When the line containing "plate of Instant" appears in the data below, begin copying there and stop only after the line containing "Moussy Aurora Wide".

Input data Block Start

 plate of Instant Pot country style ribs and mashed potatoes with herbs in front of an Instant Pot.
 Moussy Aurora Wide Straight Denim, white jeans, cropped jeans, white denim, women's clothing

Input data Block End
Input data Block Start

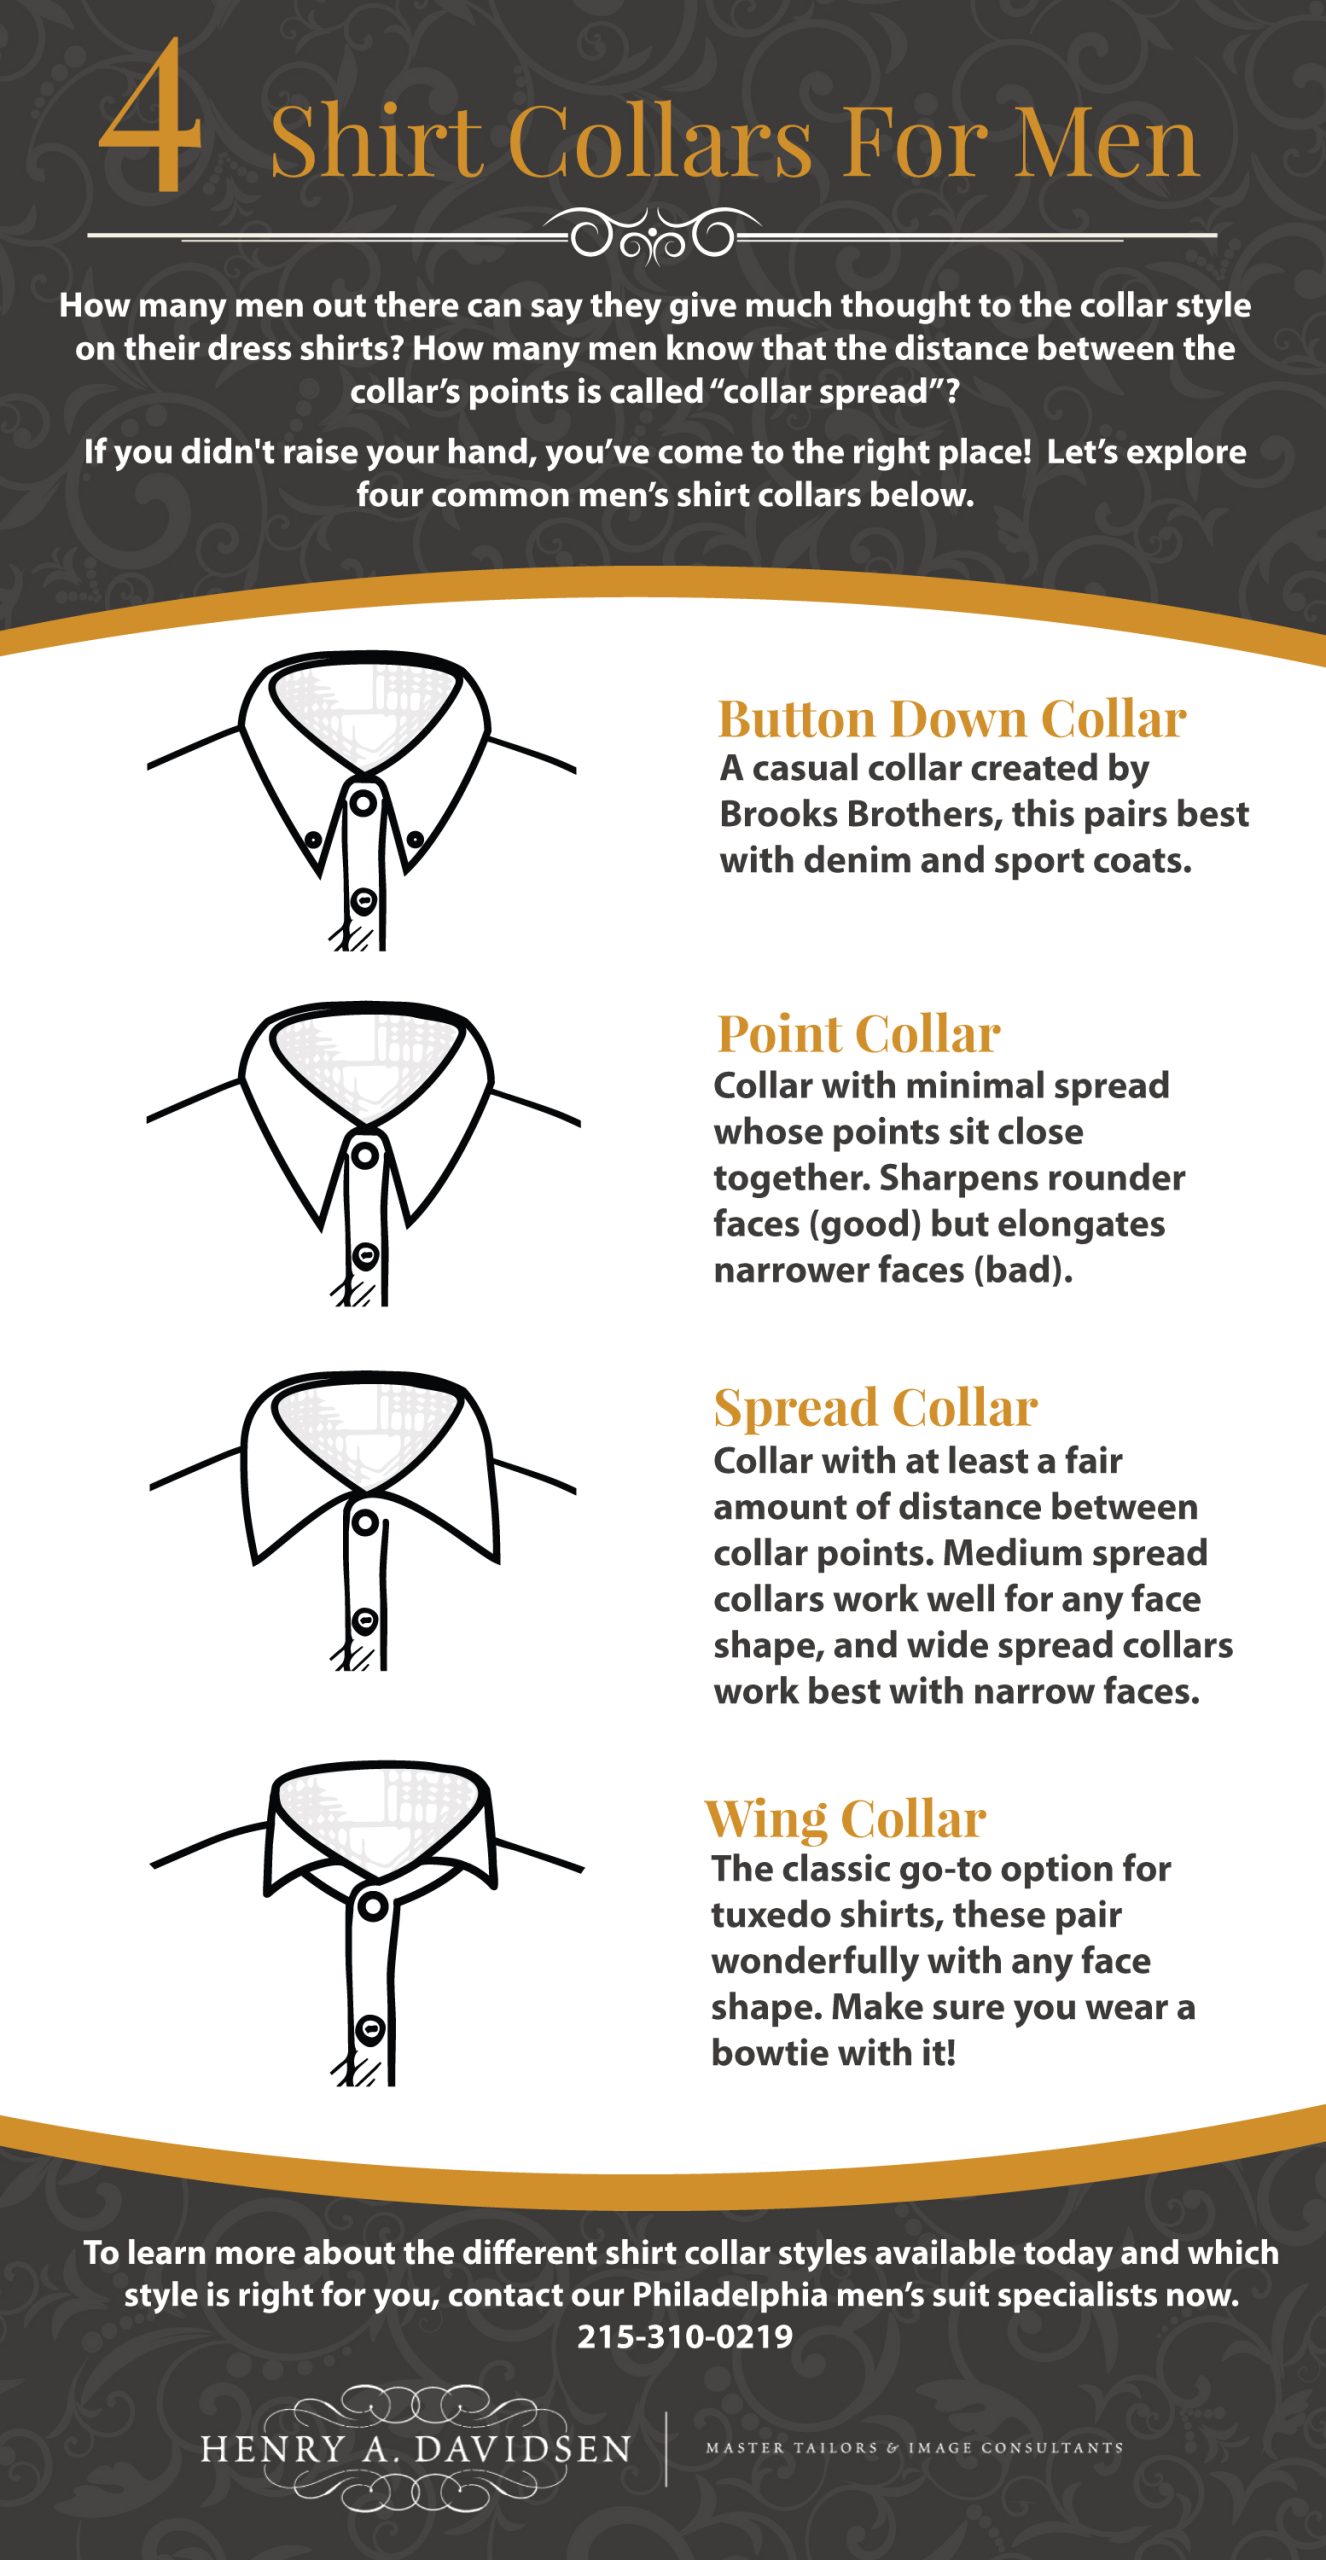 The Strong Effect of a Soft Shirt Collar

Input data Block End

▶ Output for this exercise
 plate of Instant Pot country style ribs and mashed potatoes with herbs in front of an Instant Pot.
 Moussy Aurora Wide Straight Denim, white jeans, cropped jeans, white denim, women's clothing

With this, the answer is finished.